Природа политики

I

Во-первых, чем является политика с фактической стороны? Политика есть деятельность в отношении власти.

Политика имеет собственную сферу, и это сфера власти. Поэтому она не связана с моралью, эстетикой и экономикой. Наравне с ними политика — это особый способ мышления. Каждая из этих форм мышления обособляет часть мировой тотальности и предъявляет на нее свои права. Мораль проводит различие между добром и злом, эстетика — между прекрасным и безобразным, экономика — между полезным и бесполезным (в ее поздней, чисто торговой фазе речь уже идет о выгодном и невыгодном). Политика в свою очередь делит мир на друзей и врагов. Для нее это деление говорит о максимально возможной степени объединения или, напротив, разъединения.
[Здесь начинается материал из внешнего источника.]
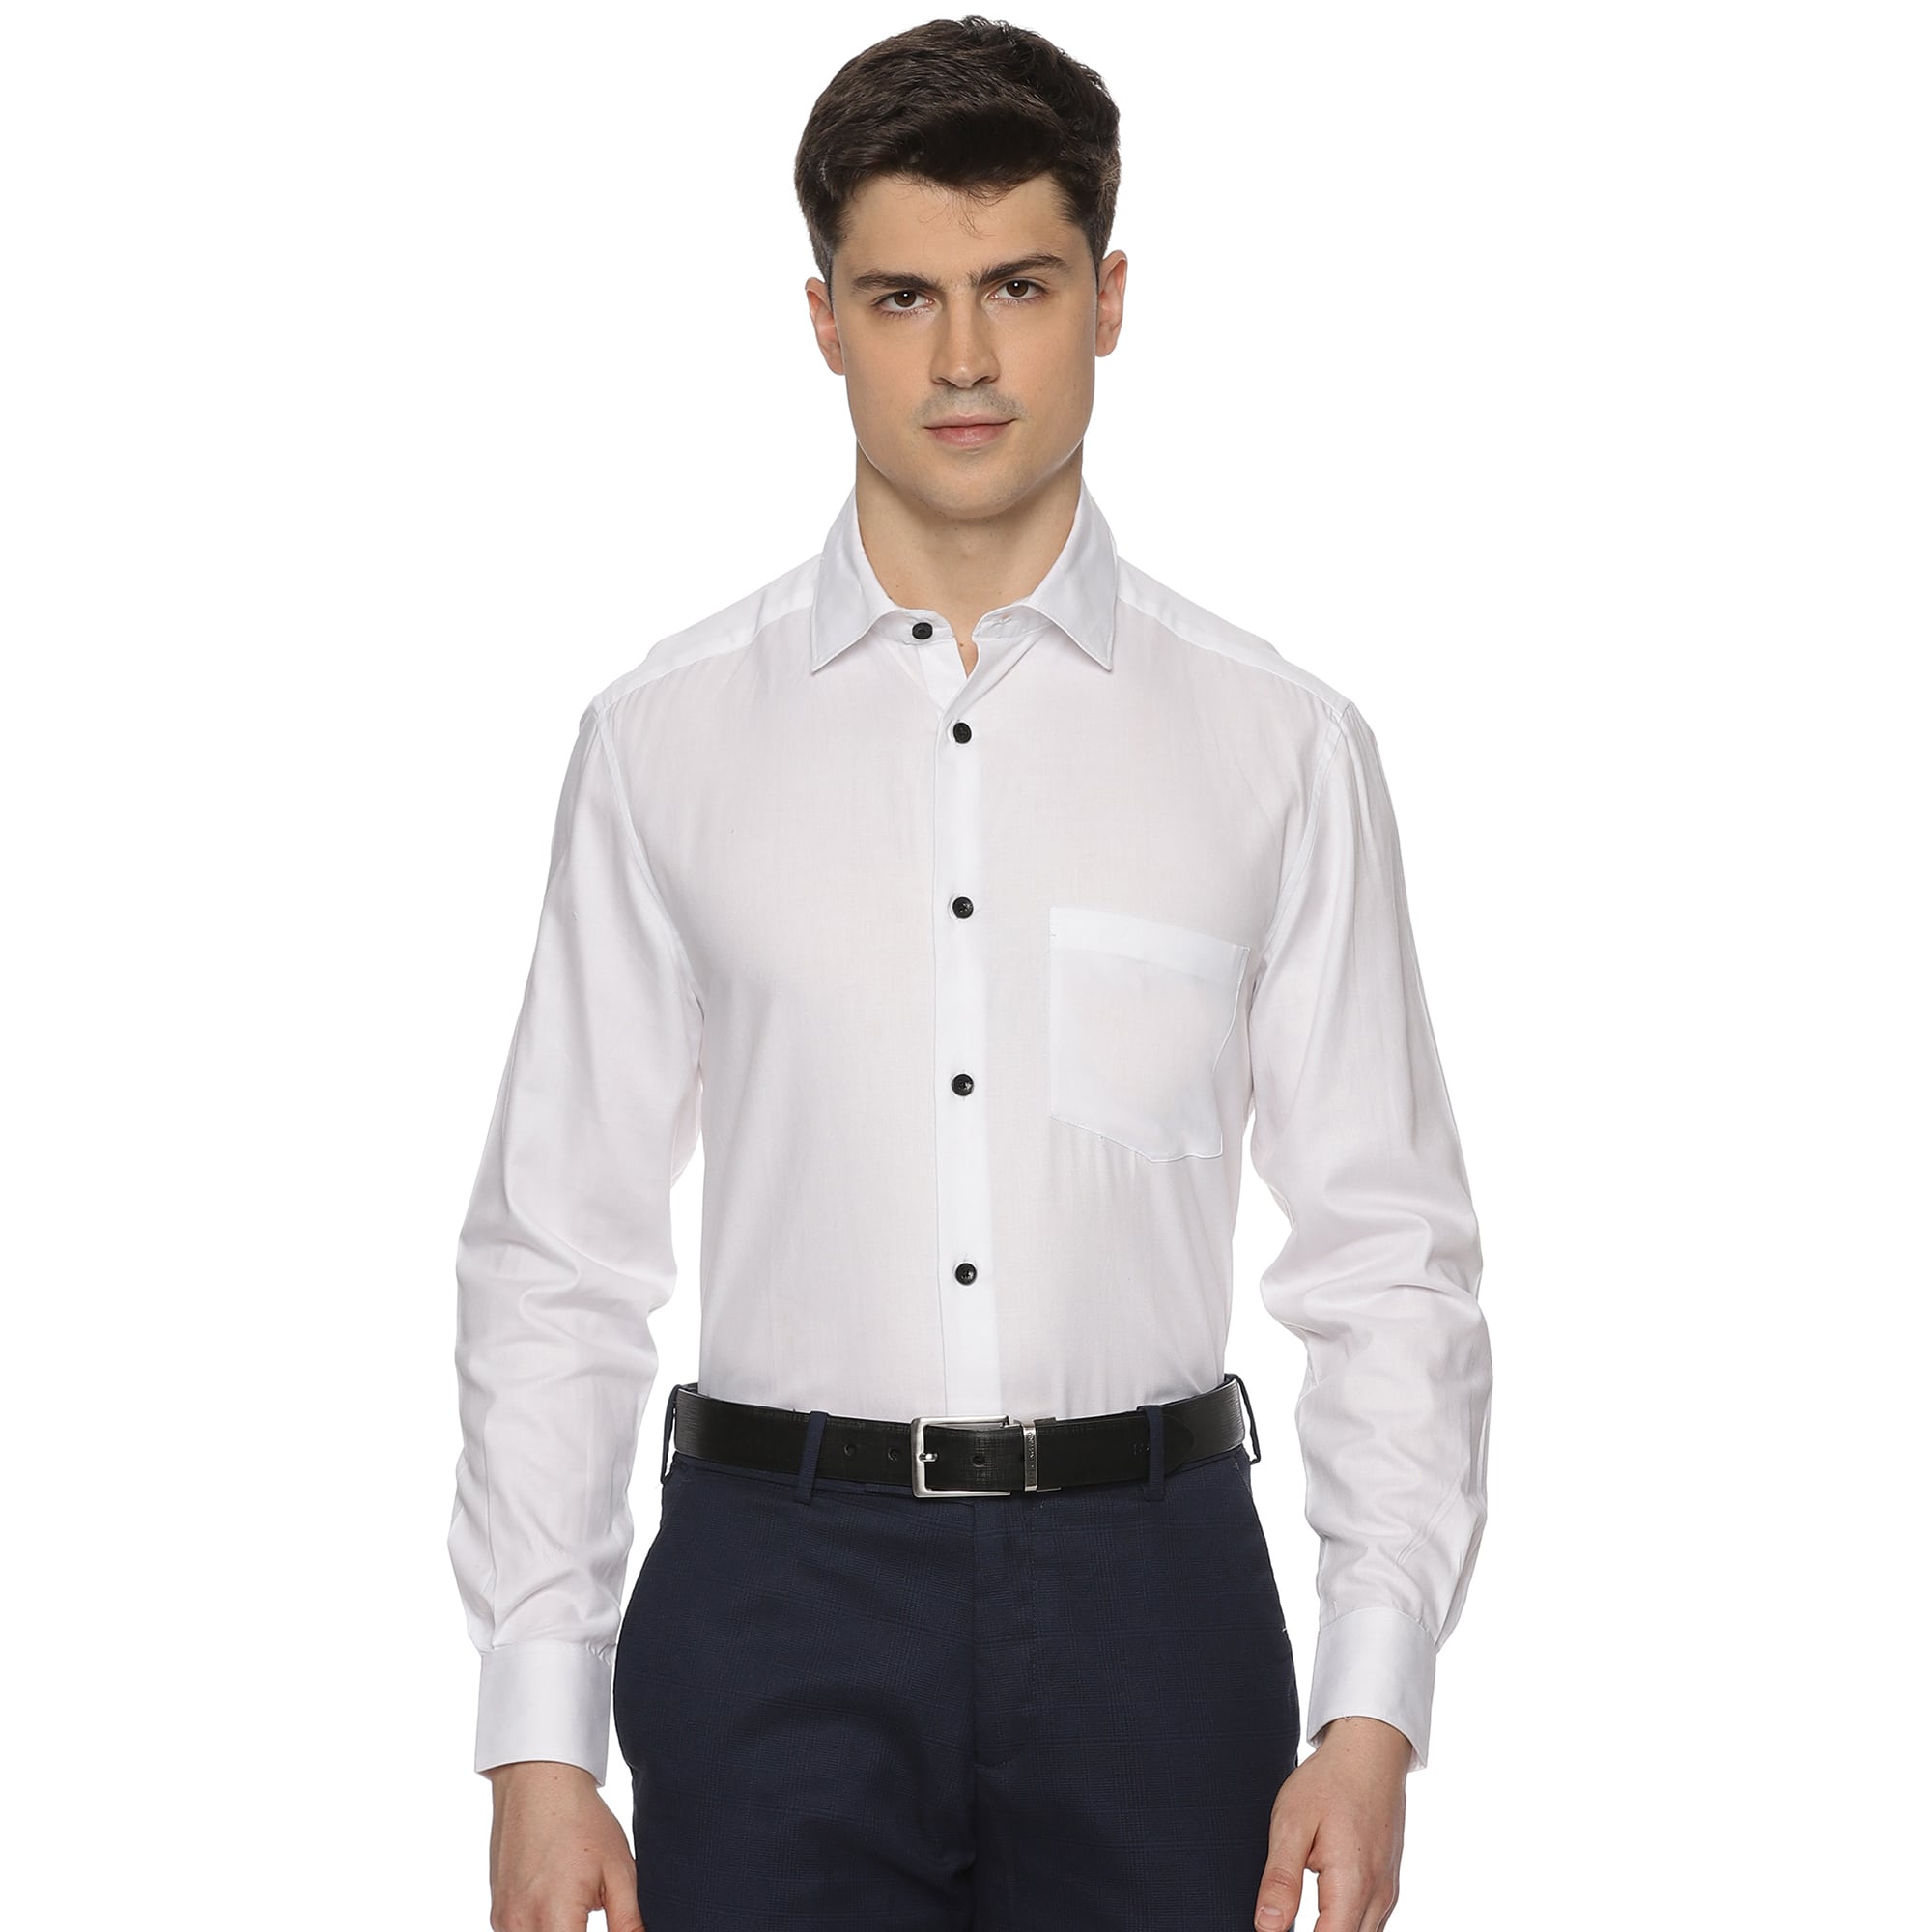 Eclipse Twill Solid Shirt In White Regular Fit - The Formal Club

Политическая мысль так же независима от остальных вышеуказанных форм мысли, как и они друг от друга. Она может существовать без них, а они без нее. Враг может быть добрым, он может быть прекрасным, экономически полезным, деловые отношения с ним могут быть выгодны, но если его властная деятельность пересекается с моей, то он мой враг. Он тот, с кем возможны экзистенциальные конфликты. Эстетика, экономика и мораль не имеют отношения к экзистенции, определяя только нормы деятельности и мышления в пределах достоверного бытия.

Если в рамках психологического факта врага легко представить уродливым, вредоносным и злым, то для политики все это не существенно и не отменяет независимости политического мышления и деятельности. Политическое размежевание, связанное именно с бытием, есть глубочайшее из размежеваний, в силу чего оно готово воспользоваться любым способом убеждения, принуждения и оправдания, чтобы продолжать осуществляться. Размах, который это приобретает, напрямую зависит от чистоты политического мышления лидеров. Чем больше в их взглядах морали, экономики или иных способов мышления, тем вероятнее они будут вести по этим направлениям пропаганду ради достижения своих политических целей. Бывает, что они не отдают себе отчета о политическом характере своей деятельности. Судя по всему, Кромвель считал себя религиозным, а не политическим деятелем. Другим примером была одна французская газета, которая в 1870 г. разгорячала боевой дух своих читателей обещаниями, что французские солдаты привезут из Пруссии вагоны блондинок.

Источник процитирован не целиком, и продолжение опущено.